Dynamic dependency installation — bundle a requirements.txt with your model artifacts and dependencies are installed automatically before server startup. No custom container needed.

Custom handler support — override the default /ping and /invocations endpoints with your own logic by placing a model.py in your model artifacts:

import model_hosting_container_standards.sagemaker as sagemaker_standards
from fastapi import Request, Response

@sagemaker_standards.custom_invocation_handler
async def custom_invoke(request: Request) -> Response:
    body = await request.json()
    # your custom logic here
    return Response(content=json.dumps(result), media_type="application/json")

LoRA adapter support — dynamically load and route to LoRA adapters via request headers without restarting the server.

Notes¶

GPU deployments require inference_ami_version — the default SageMaker host AMI has incompatible NVIDIA drivers for CUDA 12.9 images.

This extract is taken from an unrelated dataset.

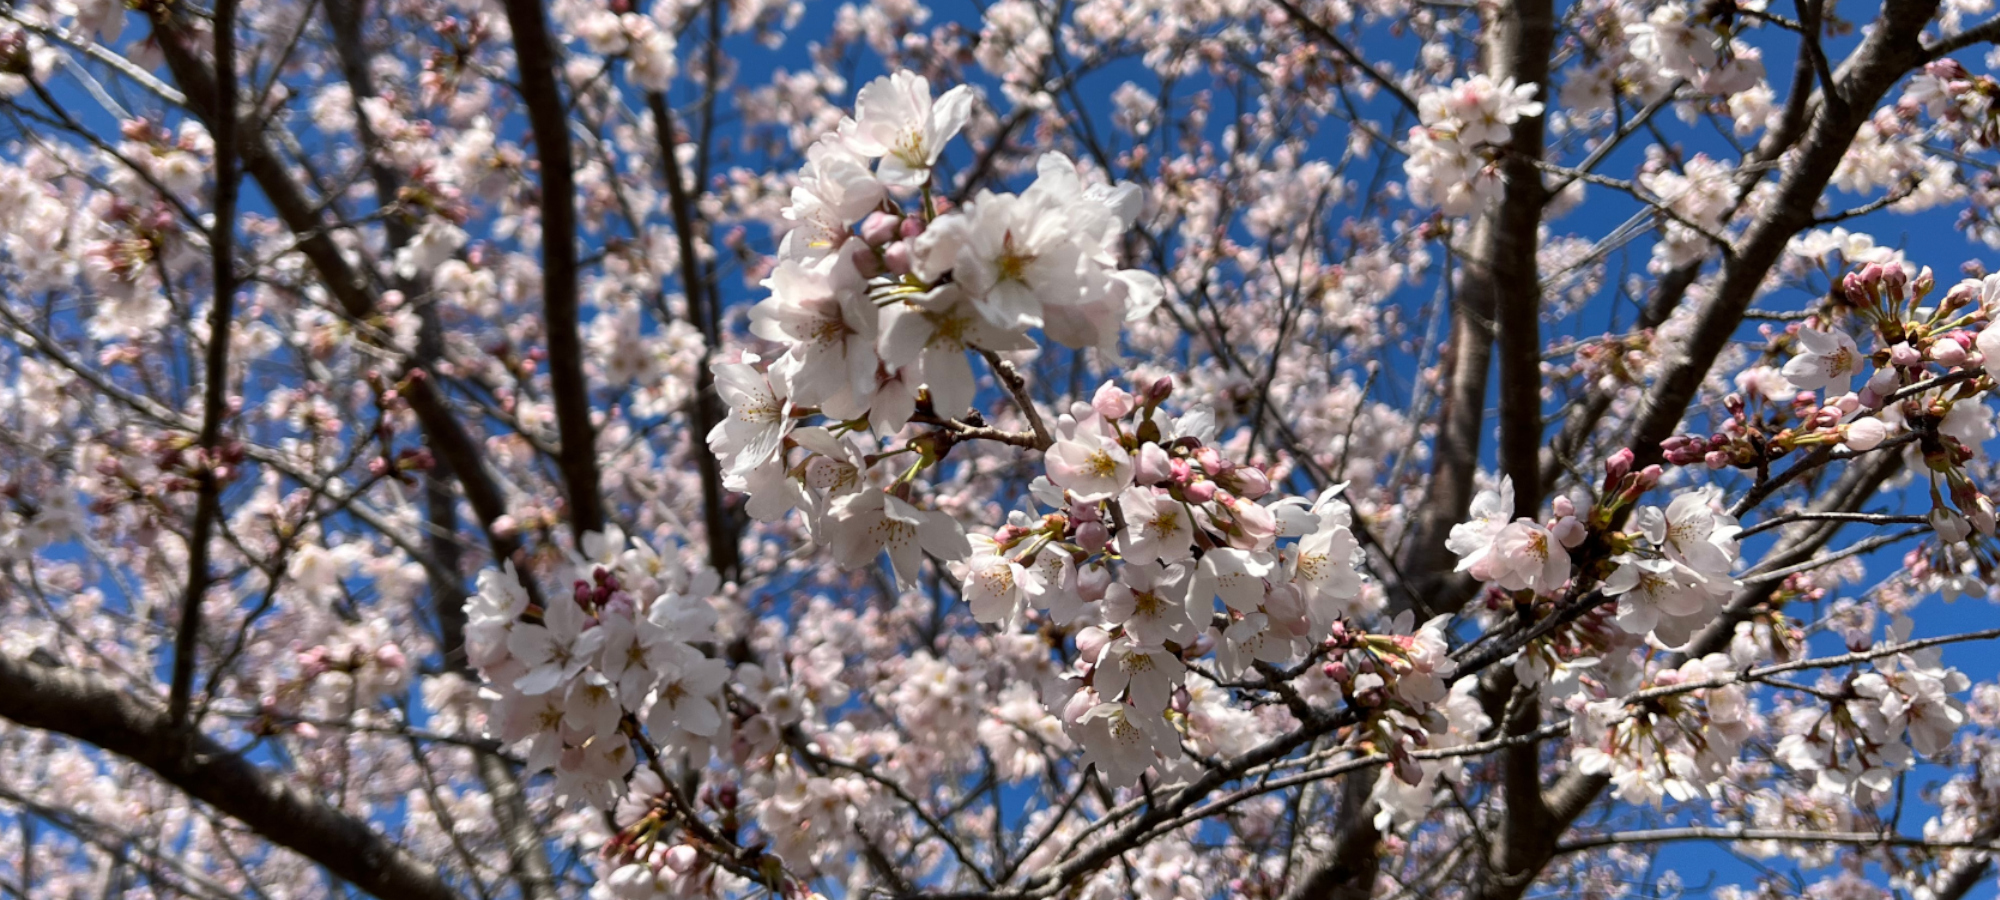 たくさんの桜のお花が咲き誇ります

See ProductionVariant API reference for valid values.
Any SM_VLLM_* environment variable is converted to a --<name> vLLM server argument (e.g., SM_VLLM_MAX_MODEL_LEN=4096 → --max-model-len 4096).

For all configuration options including server arguments, SageMaker environment variables, and standard-supervisor settings, see Configuration.